Because, believe it or not, I have had shingles before. I had it when I was 23, so dismiss any idea you had that shingles is something old people get. It was a very mild case, but bad enough that as soon as I turn 50, I’ll be getting that vaccine.

Here’s my question: If I didn’t have to jump through so many fucking hoops to get my medication, would I be dealing with this now? Or would I have been taking Humira long enough to have prevented it?

And THANK GOD this isn’t a life or death medication like insulin. Why in God’s name does it cost so fucking much? Over $3000 for a couple of injections? That’s insane. It makes no sense. I can’t wrap my brain around it.

But, then, you think that people are paying that for ONE VIAL of insulin. How do pharmaceutical companies and legislators sleep at night on their big piles of money and the bodies of innocent people? I mean, sure, Scrooge McDuck made diving into a pool of gold coins and swimming around look like tons of fun, but he was a cartoon and a duck. Please don’t tell me you’ve been basing your life on the actions of an animated duck with a Scottish accent.

How can some people with so much power care so little about everyone else? How can they hear story after story of people rationing insulin, people DYING from not being able to afford it, and still, STILL they won’t do anything.

And while I am SUPER grateful for the assistance program that makes it possible for me to get Humira at no cost — because otherwise, I wouldn’t be able to get it at all — how can a company charge so much for a medication, but still offer it for free to certain patients? Obviously, there is some convoluted money-making scheme in the works that I don’t understand but….why can’t we just make medication available to everyone? Why does it have to be so difficult? 

And the thing is, this situation wasn’t even that complicated compared to what some disabled people have to go through to get medical care or any kind of assistance.
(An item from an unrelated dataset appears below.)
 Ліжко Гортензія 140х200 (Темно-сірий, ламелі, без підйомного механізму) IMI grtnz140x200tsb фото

The amount of proof you have to have to get social security even if the government has already determined you have a TOTAL AND PERMANENT disability is ridiculous. Like, I’m sorry Mr. Government, you say I have a total and permanent disability, but your own word isn’t good enough for you? Make it make sense, that’s all I’m asking.

Like I said, as I’m prepping this episode, I’m still a couple days out from getting my first Humira injection, but by the time it airs, I should have at least a couple in the can. I will give you updates as warranted, but please send all your good vibes, thoughts, and prayers that this will clear my skin up because seriously, y’all, whatever is happening to the skin under my arm hurts like a MOTHER.
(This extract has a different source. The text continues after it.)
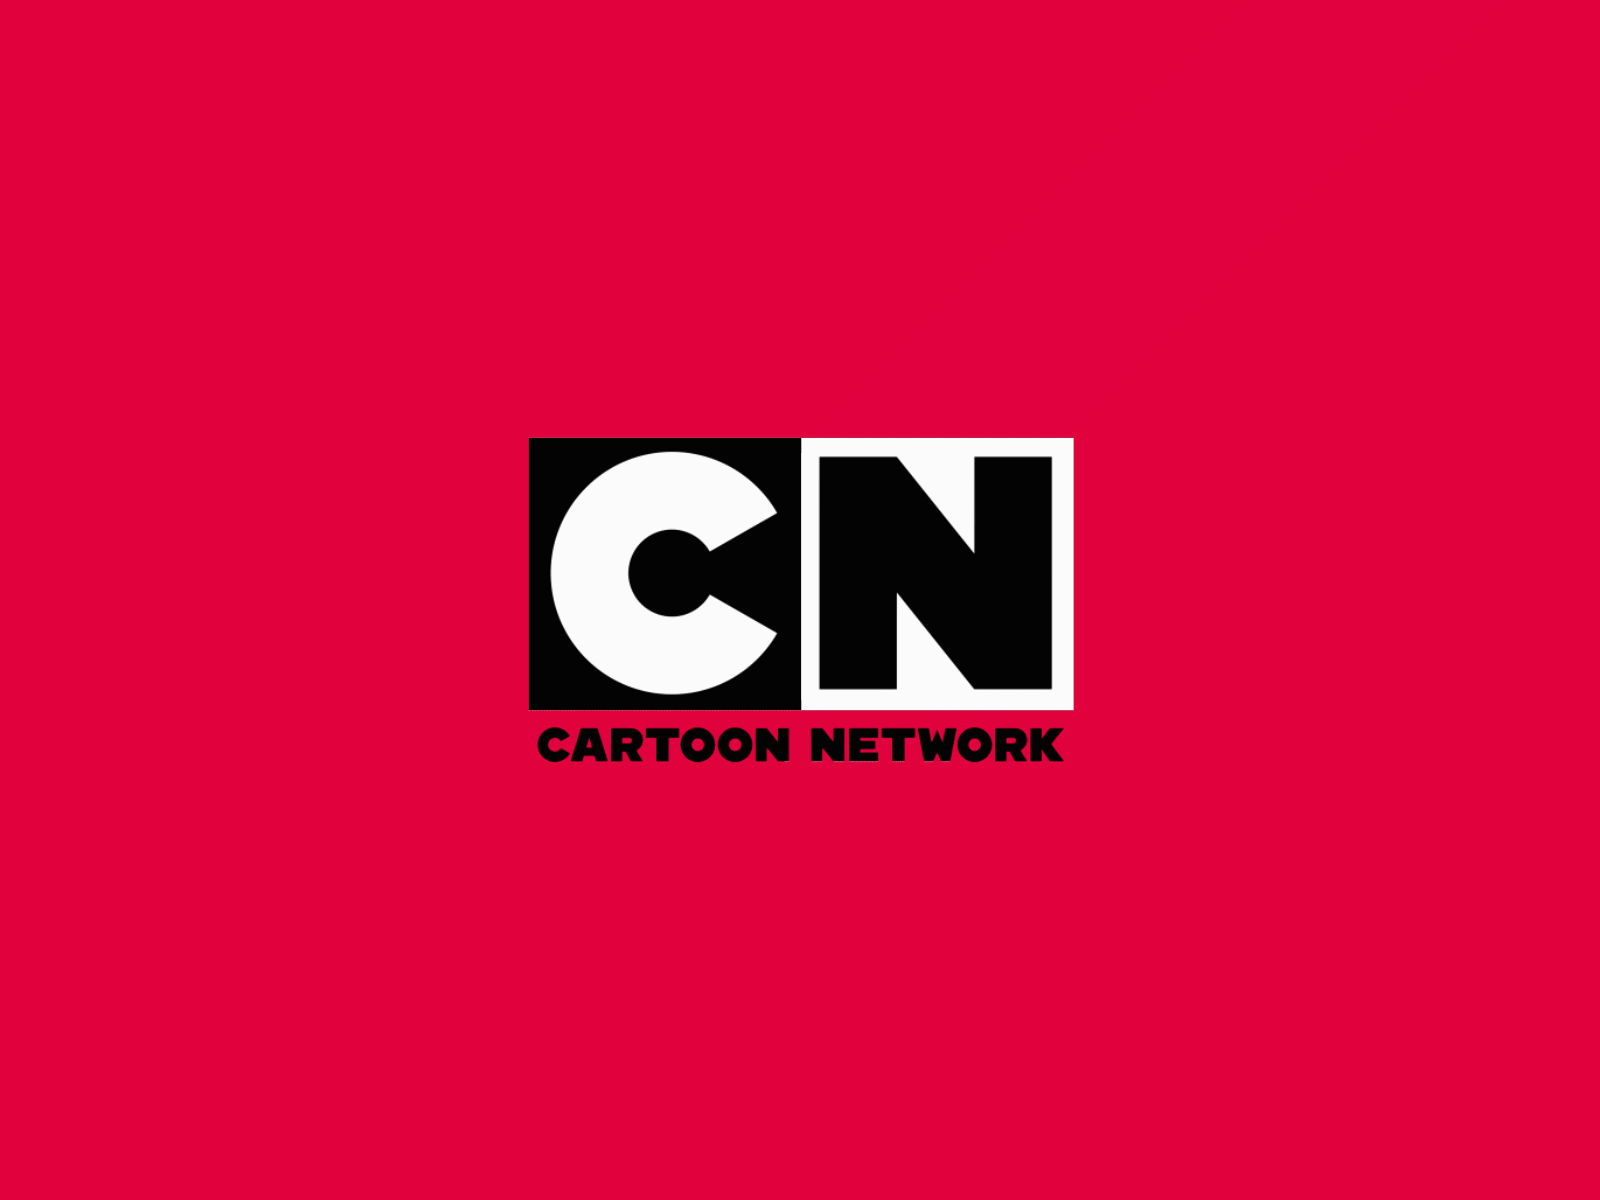 Hình simba logo of cartoon network được yêu thích trong giới trẻ hiện nay

Thanks for listening and I’ll ta —

[15:35]
[record scratch]

Ha ha, just kidding. So, here’s the deal: The goings-on under my arm are NOT psoriasis, so I have NOT yet gotten my first Humira shot. Not knowing what was going on, my doctor didn’t want to put me on anything that would suppress my immune system. My doctor looked at my arm and said, “I don’t know what it is, but it’s not psoriasis, because psoriasis doesn’t do that.” She took a biopsy and a bacterial culture, and also referred me to a wound care specialist.

The biopsy and culture results came back. The culture was clear, and the biopsy showed that the tear under my arm is a kind of ulcer. Much to my family’s dismay, I don’t have any more details on the kind of ulcer, but I am currently on antibiotics and prednisone, and at this very moment, the pain in my arm is a lot better, thank GAWD, and things SEEM to be improving. Knock on wood.

I go to the wound care doctor in a few days and back to the dermatologist in a couple of weeks to possibly try again with the Humira and do a follow-up on the ulcer. The stitch they used to close the biopsy site came out of my arm today, which I don’t think that was supposed to happen. I was scheduled to go in next week to get it removed, so I guess that’s one thing I can cross off my list.

That’s what I know for now. If anything major happens, I will keep you posted.

And, for real this time, thanks for listening and I’ll talk to you in the next one.